TCR for Agentic Loops: Guiding LLM Agents

The TCR post on this blog showed how test && commit || revert forces human developers to take smaller steps by making the machine enforce discipline. But what happens when the "developer" is an autonomous LLM agent running a coding loop? It turns out TCR isn't just compatible with agentic coding — it might be more natural for agents than for humans.

This post explores how to wire TCR's feedback loop into an agentic system to keep AI-driven implementation safe, incremental, and auditable.

Recap: What TCR Does

TCR is the command test && commit || revert. After every small change, you run it. Tests pass? Your code is committed. Tests fail? Your changes are silently deleted. No exceptions.

dotnet test && git add -A && git commit -m "TCR" || git restore .

For humans, the hard part is psychological — losing code stings, and CTRL+Z is always tempting. The discipline has to be maintained consciously.

For an LLM agent, there is no psychological resistance. It doesn't feel sunk cost. It doesn't cling to code it spent "effort" writing. If you wire TCR directly into the agent's execution loop, the revert isn't a rule to follow — it's just what the environment does.

Why Agentic Coding Needs Guardrails

LLM coding agents are powerful, but they have predictable failure modes. They hallucinate APIs that don't exist. They over-build — solving three adjacent problems when you asked for one. They can spin in loops, making changes without clear progress signals.

The deeper problem is what you might call "vibe coding": the agent accumulates a large context of partial changes, none of which have been verified, while the human waits and hopes the end state is coherent. By the time tests run (if they run at all), the agent has wandered far from where any individual step can be assessed.

Tests are the only objective signal that code works. Every other signal — the agent's confidence, the code compiling, the logic "looking right" — is subjective. TCR makes tests the arbiter of forward progress. If the tests pass, the change is real. If they don't, it's gone.

Mapping TCR onto an Agentic Loop

The structure maps cleanly. Think of it as two nested loops:

Outer loop — an orchestrator (human or agent) provides one small requirement at a time. Not "build the shopping cart." Something like: "add an item to the cart and return the new total." One unit of behaviour.

Inner loop — the implementing agent follows the red-green cycle:

Write a failing test that captures the requirement
Write just enough implementation to make it pass
Run TCR: test && commit || revert
If the commit fires, the requirement is done. If the revert fires, start the implementation step again with a smaller change.

The commit and revert aren't suggestions — they're hard constraints imposed on the agent by the shell environment. The agent cannot accumulate broken state. Every committed state is green. If the agent can't get to green in a single step, it reverts and tries a smaller approach.

Think of TCR as the agent's "save point" discipline.

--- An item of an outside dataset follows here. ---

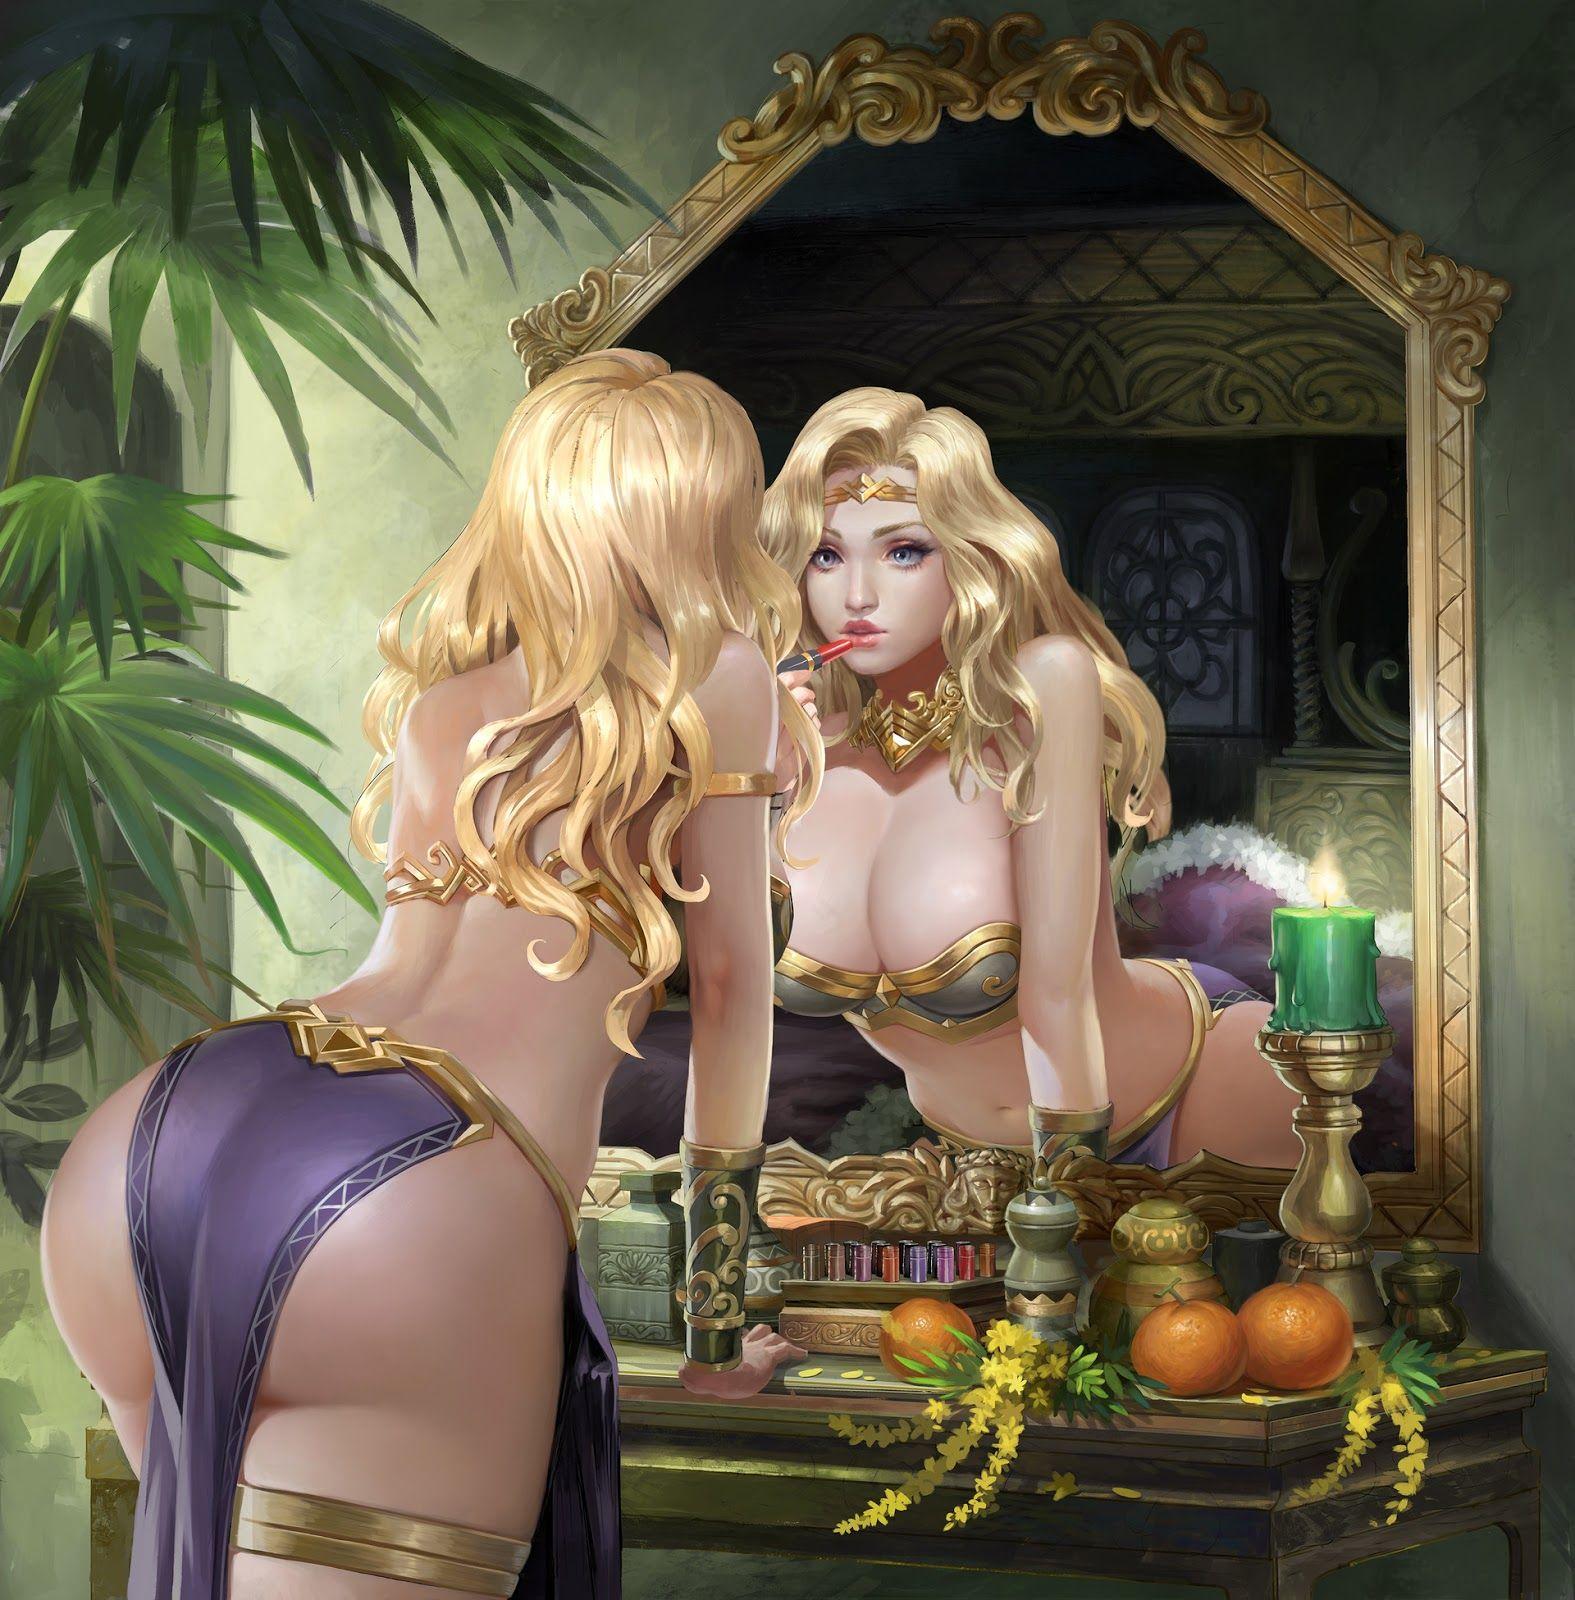 French maid fantasy

Each commit is a stable checkpoint the orchestrator can inspect, build on, or roll back to.

Proposed Architecture: Agents and Subagents

A practical agentic TCR setup has four components:

Orchestrator agent: Decomposes a feature into a list of small, testable units. One unit = one TCR cycle. The orchestrator hands off one unit at a time to the implementer and waits for a green commit before proceeding.

Test-writer subagent: Given a requirement, writes a single failing test and nothing else. Its tool permissions are restricted to reading existing source files and creating/editing test files. It cannot touch implementation code. This is the red phase.

Implementer subagent: Given the failing test, writes just enough implementation to make it pass. Its job ends when TCR fires a commit. If TCR reverts instead, the agent must try a smaller implementation. The implementer subagent does not write tests.

TCR hook / verifier: The shell-level enforcer. Runs test && git commit -am "TCR" || git restore . after every edit cycle. Neither the test-writer nor the implementer can bypass this — it runs at the environment level, not the agent level.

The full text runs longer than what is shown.